Re: Request for feedback: Filesystem API from Jonas Sicking on 2013-08-13 (public-script-coord@w3.org from July to September 2013)

From: Jonas Sicking <jonas@sicking.cc>
Date: Tue, 13 Aug 2013 11:34:45 -0700
To: David Bruant <bruant.d@gmail.com>
Cc: "public-script-coord@w3.org" <public-script-coord@w3.org>
Message-ID: <CA+c2ei9TtoVxfBwSG-dYd5PRie4KhVjGLGCCNKoNnVFJAQzOEA@mail.gmail.com>
On Sat, Aug 10, 2013 at 2:54 PM, David Bruant <bruant.d@gmail.com> wrote:
> I'd like to share an experience in working with Tizen. In their doc, they
> list the different ways to store data [2]. Aside from the obselete WebSQL,
> we have:
> - localStorage
> - IndexedDB
> - FileSystem (the Webkit one)
> (they put app cache in this category, but I don't really see it as a storage
> mechanism)
>
> It left me thinking that it's a lot of different ways to store information,
> but they serve different purposes: localStorage is
> key(string)/value(string), IndexedDB is useful to store more data
> structures. But what is FileSystem?
> To a first approximation, a FileSystem is a key(string)/value(binary data)
> storage system (but the fine grain access and async to the value makes it
> better than localStorage when that matters).
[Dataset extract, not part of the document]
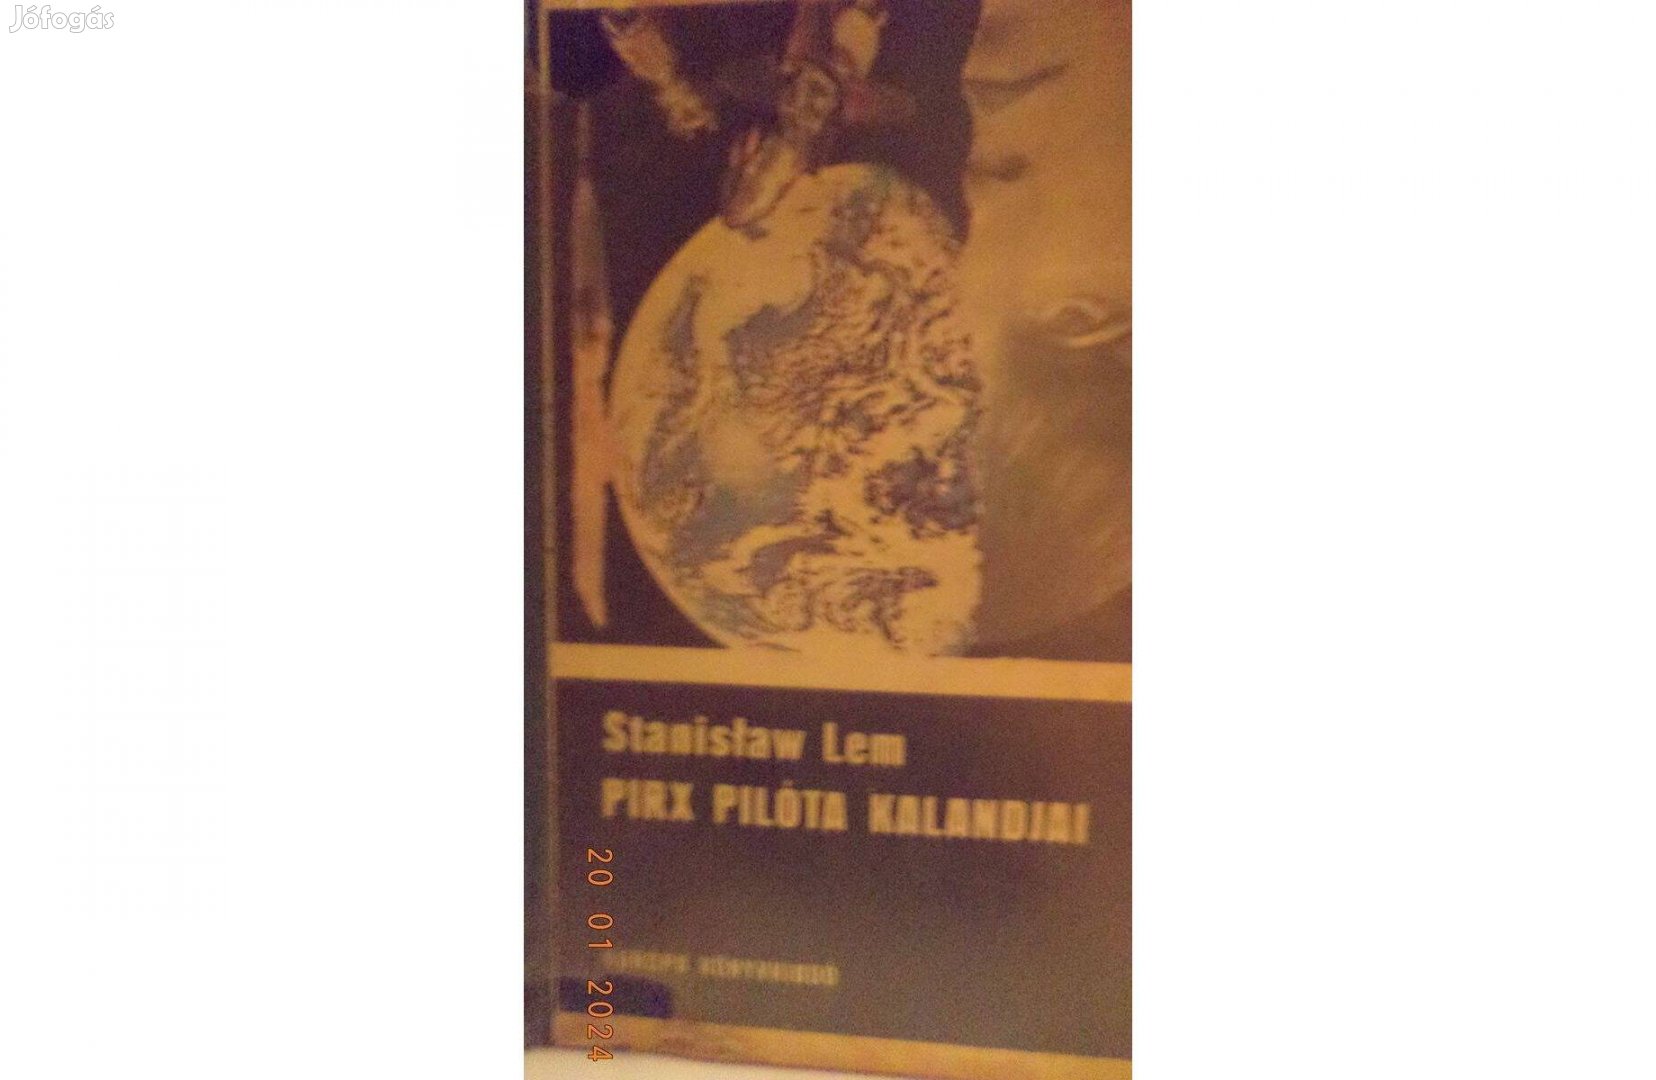 Stanislaw Lem: Pirx pilóta kalandjai

Keys are strings (where '/' has
> a particular semantics). In OS FileSystems, this first approximation is
> wrong because specific directories can have different rights (rwx) assigned.
> But this isn't a feature web apps needs (at least I haven't seen this need
> expressed when it comes to data storage).
>
> In the Tizen application, I wrote an abstraction on top of the FileSystem to
> make it an async key(string)/value(Blob) storage, because that's what we
> really needed (it had the same interface than the async abstraction of
> key/value storage I wrote on top of localStorage, which was awesome)

It's important to keep in mind that if you want simple key/value
storage, where the values happen to be Blobs, IndexedDB works
perfectly fine for this. At least as far as you think that IndexedDB
works at all.

The use cases for an explicit Filesystem API which IndexedDB doesn't
fulfill are:
* Being a filesystem API. A lot of developers are familiar with
filesystems and want an API that is exactly that. For me personally,
this is the main reason we are doing a sandboxed filesystem.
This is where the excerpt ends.